Las posiciones en torno al proyecto catalán se han radicalizado
en exceso y van desde una línea de intransigencia de los
nacionalistas más radicales hasta el catastrofismo y el inmovilismo
de los conservadores del Partido Popular (PP). Pero en el seno del
mismo Partido Socialista Obrero Español (PSOE) se dan divergencias
más que notables en la idea de cómo afrontar la configuración del
Estado y, por ende, cómo encarar la reforma del Estatut.
Es evidente que la Constitución de 1978 no tiene por qué ser un
texto inamovible, sino que, ciertamente, debe evolucionar para
adaptarse a los tiempos y poder acoger mayores dosis de
autogobierno de las comunidades autónomas y una mejor financiación.

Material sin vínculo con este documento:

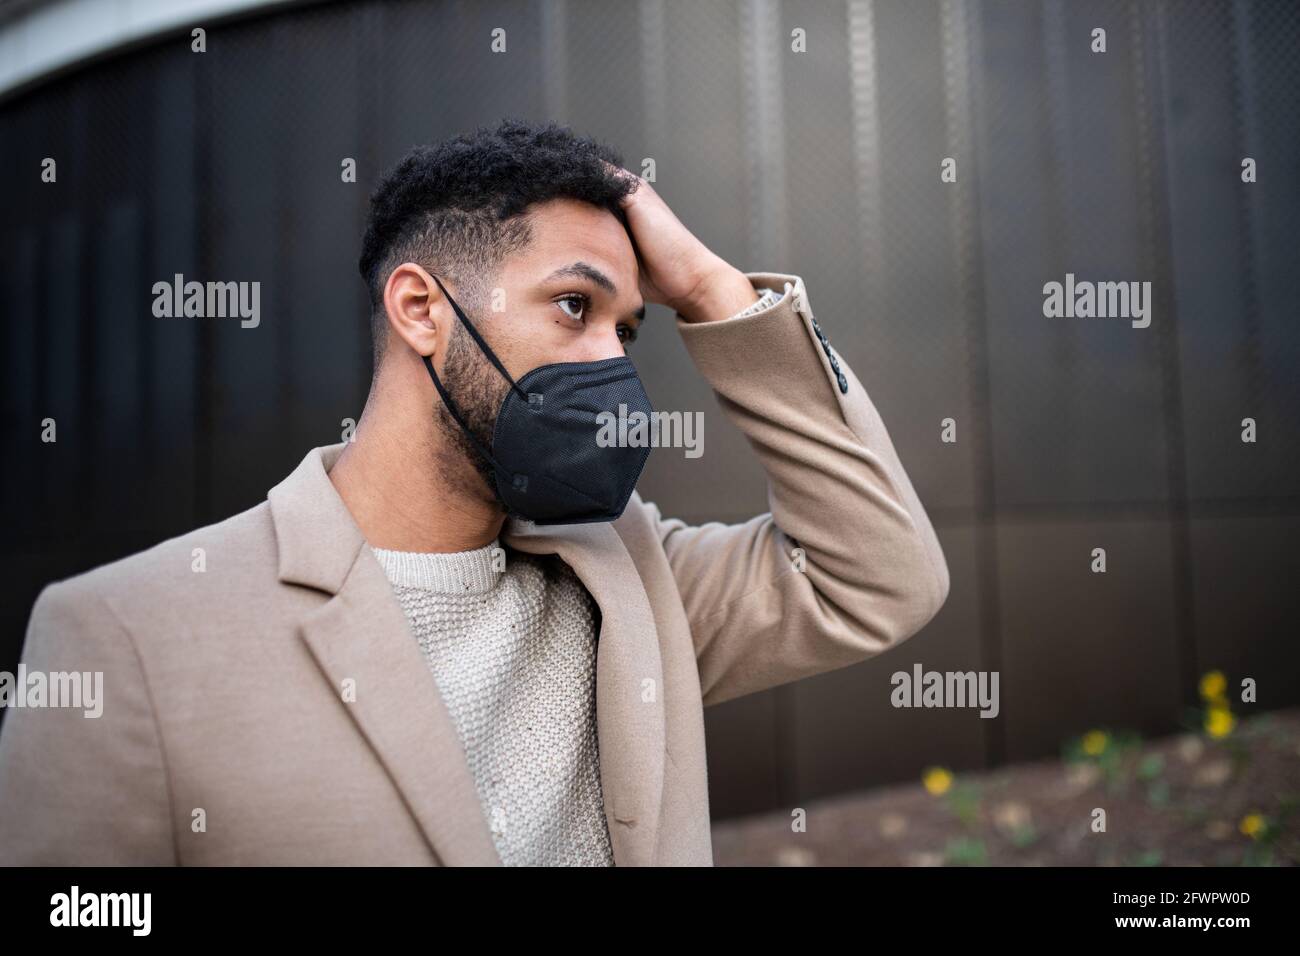 Portrait of man on the way to work outdoors in city, coronavirus concept. Stock Photo

Incluso sin reformar la Carta Magna -para lo que sería necesario un
consenso aún mayor- debería ser posible una interpretación más
abierta del texto constitucional. Claro que para ello es preciso
sosegar los ánimos y reconducir la situación para poder alcanzar
acuerdos amplios que permitan avanzar. Y es preciso, además, que no
se produzcan agravios comparativos entre territorios del Estado. No
sería razonable ni justo otorgar privilegios a una comunidad a
costa de otra. El encaje de todo ello es sumamente complejo, pero
una vez abierto el debate es conveniente reducir la crispación e
intentar llegar a un acuerdo con el que todos los ciudadanos se
sientan a gusto.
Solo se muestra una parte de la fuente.